◆ Task details:
Copy the entries below in full, keeping them exactly as they are.

Records excerpted from a collection:

════════

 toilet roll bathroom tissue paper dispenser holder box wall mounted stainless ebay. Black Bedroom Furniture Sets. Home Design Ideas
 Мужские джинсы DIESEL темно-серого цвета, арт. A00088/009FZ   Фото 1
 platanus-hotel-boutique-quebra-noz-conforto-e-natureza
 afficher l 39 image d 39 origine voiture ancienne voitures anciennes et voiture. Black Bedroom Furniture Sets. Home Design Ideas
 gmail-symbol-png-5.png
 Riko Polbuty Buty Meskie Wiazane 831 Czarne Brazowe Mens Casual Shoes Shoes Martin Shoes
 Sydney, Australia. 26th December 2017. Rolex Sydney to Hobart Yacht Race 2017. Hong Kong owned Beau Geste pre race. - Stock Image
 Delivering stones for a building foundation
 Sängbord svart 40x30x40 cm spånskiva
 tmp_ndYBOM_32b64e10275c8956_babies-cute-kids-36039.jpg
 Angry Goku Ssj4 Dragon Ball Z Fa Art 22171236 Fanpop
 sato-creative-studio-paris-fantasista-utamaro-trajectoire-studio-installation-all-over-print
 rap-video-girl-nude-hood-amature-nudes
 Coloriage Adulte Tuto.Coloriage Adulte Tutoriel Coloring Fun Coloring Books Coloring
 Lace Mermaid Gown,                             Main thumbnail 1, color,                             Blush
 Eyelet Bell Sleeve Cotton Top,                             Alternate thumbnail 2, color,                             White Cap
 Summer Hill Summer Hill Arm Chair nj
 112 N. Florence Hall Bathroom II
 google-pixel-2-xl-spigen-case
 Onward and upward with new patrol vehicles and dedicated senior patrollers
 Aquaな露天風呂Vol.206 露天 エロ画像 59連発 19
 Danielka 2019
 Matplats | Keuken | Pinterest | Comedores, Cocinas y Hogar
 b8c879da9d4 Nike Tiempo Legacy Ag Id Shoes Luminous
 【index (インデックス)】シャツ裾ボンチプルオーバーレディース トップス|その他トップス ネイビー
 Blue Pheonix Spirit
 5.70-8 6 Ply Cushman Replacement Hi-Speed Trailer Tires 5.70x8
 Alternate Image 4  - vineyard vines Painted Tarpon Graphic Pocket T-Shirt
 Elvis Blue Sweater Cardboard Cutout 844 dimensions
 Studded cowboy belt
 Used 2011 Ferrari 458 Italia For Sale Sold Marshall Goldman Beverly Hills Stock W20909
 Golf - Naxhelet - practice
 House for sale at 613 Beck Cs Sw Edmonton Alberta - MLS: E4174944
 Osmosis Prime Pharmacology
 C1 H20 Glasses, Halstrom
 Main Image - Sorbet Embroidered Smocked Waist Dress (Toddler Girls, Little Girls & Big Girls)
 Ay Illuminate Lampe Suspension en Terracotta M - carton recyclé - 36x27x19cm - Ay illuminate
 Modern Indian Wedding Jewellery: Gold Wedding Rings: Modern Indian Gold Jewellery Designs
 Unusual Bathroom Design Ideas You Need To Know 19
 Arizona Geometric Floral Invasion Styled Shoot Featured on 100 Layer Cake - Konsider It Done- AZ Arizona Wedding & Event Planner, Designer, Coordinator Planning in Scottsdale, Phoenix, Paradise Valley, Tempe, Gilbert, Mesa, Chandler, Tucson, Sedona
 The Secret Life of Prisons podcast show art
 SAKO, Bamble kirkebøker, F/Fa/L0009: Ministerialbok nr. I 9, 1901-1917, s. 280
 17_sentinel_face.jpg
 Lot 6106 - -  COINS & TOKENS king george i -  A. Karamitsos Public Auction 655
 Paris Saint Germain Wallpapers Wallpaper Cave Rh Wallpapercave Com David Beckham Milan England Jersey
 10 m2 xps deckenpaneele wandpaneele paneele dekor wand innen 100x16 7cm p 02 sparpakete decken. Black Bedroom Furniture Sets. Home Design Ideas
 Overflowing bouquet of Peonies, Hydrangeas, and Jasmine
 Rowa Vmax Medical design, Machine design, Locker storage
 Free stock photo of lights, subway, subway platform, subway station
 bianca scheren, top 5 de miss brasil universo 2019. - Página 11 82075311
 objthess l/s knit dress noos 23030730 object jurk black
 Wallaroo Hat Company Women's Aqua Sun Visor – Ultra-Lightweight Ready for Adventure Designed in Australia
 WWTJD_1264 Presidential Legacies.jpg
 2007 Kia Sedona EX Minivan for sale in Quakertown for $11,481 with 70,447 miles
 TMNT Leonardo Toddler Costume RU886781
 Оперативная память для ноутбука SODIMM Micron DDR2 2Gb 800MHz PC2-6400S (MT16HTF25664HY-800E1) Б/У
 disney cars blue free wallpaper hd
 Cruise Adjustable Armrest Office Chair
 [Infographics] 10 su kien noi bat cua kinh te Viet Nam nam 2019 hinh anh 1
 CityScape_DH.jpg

════════

◆ Output of the task:
 toilet roll bathroom tissue paper dispenser holder box wall mounted stainless ebay. Black Bedroom Furniture Sets. Home Design Ideas
 Мужские джинсы DIESEL темно-серого цвета, арт. A00088/009FZ   Фото 1
 platanus-hotel-boutique-quebra-noz-conforto-e-natureza
 afficher l 39 image d 39 origine voiture ancienne voitures anciennes et voiture. Black Bedroom Furniture Sets. Home Design Ideas
 gmail-symbol-png-5.png
 Riko Polbuty Buty Meskie Wiazane 831 Czarne Brazowe Mens Casual Shoes Shoes Martin Shoes
 Sydney, Australia. 26th December 2017. Rolex Sydney to Hobart Yacht Race 2017. Hong Kong owned Beau Geste pre race. - Stock Image
 Delivering stones for a building foundation
 Sängbord svart 40x30x40 cm spånskiva
 tmp_ndYBOM_32b64e10275c8956_babies-cute-kids-36039.jpg
 Angry Goku Ssj4 Dragon Ball Z Fa Art 22171236 Fanpop
 sato-creative-studio-paris-fantasista-utamaro-trajectoire-studio-installation-all-over-print
 rap-video-girl-nude-hood-amature-nudes
 Coloriage Adulte Tuto.Coloriage Adulte Tutoriel Coloring Fun Coloring Books Coloring
 Lace Mermaid Gown,                             Main thumbnail 1, color,                             Blush
 Eyelet Bell Sleeve Cotton Top,                             Alternate thumbnail 2, color,                             White Cap
 Summer Hill Summer Hill Arm Chair nj
 112 N. Florence Hall Bathroom II
 google-pixel-2-xl-spigen-case
 Onward and upward with new patrol vehicles and dedicated senior patrollers
 Aquaな露天風呂Vol.206 露天 エロ画像 59連発 19
 Danielka 2019
 Matplats | Keuken | Pinterest | Comedores, Cocinas y Hogar
 b8c879da9d4 Nike Tiempo Legacy Ag Id Shoes Luminous
 【index (インデックス)】シャツ裾ボンチプルオーバーレディース トップス|その他トップス ネイビー
 Blue Pheonix Spirit
 5.70-8 6 Ply Cushman Replacement Hi-Speed Trailer Tires 5.70x8
 Alternate Image 4  - vineyard vines Painted Tarpon Graphic Pocket T-Shirt
 Elvis Blue Sweater Cardboard Cutout 844 dimensions
 Studded cowboy belt
 Used 2011 Ferrari 458 Italia For Sale Sold Marshall Goldman Beverly Hills Stock W20909
 Golf - Naxhelet - practice
 House for sale at 613 Beck Cs Sw Edmonton Alberta - MLS: E4174944
 Osmosis Prime Pharmacology
 C1 H20 Glasses, Halstrom
 Main Image - Sorbet Embroidered Smocked Waist Dress (Toddler Girls, Little Girls & Big Girls)
 Ay Illuminate Lampe Suspension en Terracotta M - carton recyclé - 36x27x19cm - Ay illuminate
 Modern Indian Wedding Jewellery: Gold Wedding Rings: Modern Indian Gold Jewellery Designs
 Unusual Bathroom Design Ideas You Need To Know 19
 Arizona Geometric Floral Invasion Styled Shoot Featured on 100 Layer Cake - Konsider It Done- AZ Arizona Wedding & Event Planner, Designer, Coordinator Planning in Scottsdale, Phoenix, Paradise Valley, Tempe, Gilbert, Mesa, Chandler, Tucson, Sedona
 The Secret Life of Prisons podcast show art
 SAKO, Bamble kirkebøker, F/Fa/L0009: Ministerialbok nr. I 9, 1901-1917, s. 280
 17_sentinel_face.jpg
 Lot 6106 - -  COINS & TOKENS king george i -  A. Karamitsos Public Auction 655
 Paris Saint Germain Wallpapers Wallpaper Cave Rh Wallpapercave Com David Beckham Milan England Jersey
 10 m2 xps deckenpaneele wandpaneele paneele dekor wand innen 100x16 7cm p 02 sparpakete decken. Black Bedroom Furniture Sets. Home Design Ideas
 Overflowing bouquet of Peonies, Hydrangeas, and Jasmine
 Rowa Vmax Medical design, Machine design, Locker storage
 Free stock photo of lights, subway, subway platform, subway station
 bianca scheren, top 5 de miss brasil universo 2019. - Página 11 82075311
 objthess l/s knit dress noos 23030730 object jurk black
 Wallaroo Hat Company Women's Aqua Sun Visor – Ultra-Lightweight Ready for Adventure Designed in Australia
 WWTJD_1264 Presidential Legacies.jpg
 2007 Kia Sedona EX Minivan for sale in Quakertown for $11,481 with 70,447 miles
 TMNT Leonardo Toddler Costume RU886781
 Оперативная память для ноутбука SODIMM Micron DDR2 2Gb 800MHz PC2-6400S (MT16HTF25664HY-800E1) Б/У
 disney cars blue free wallpaper hd
 Cruise Adjustable Armrest Office Chair
 [Infographics] 10 su kien noi bat cua kinh te Viet Nam nam 2019 hinh anh 1
 CityScape_DH.jpg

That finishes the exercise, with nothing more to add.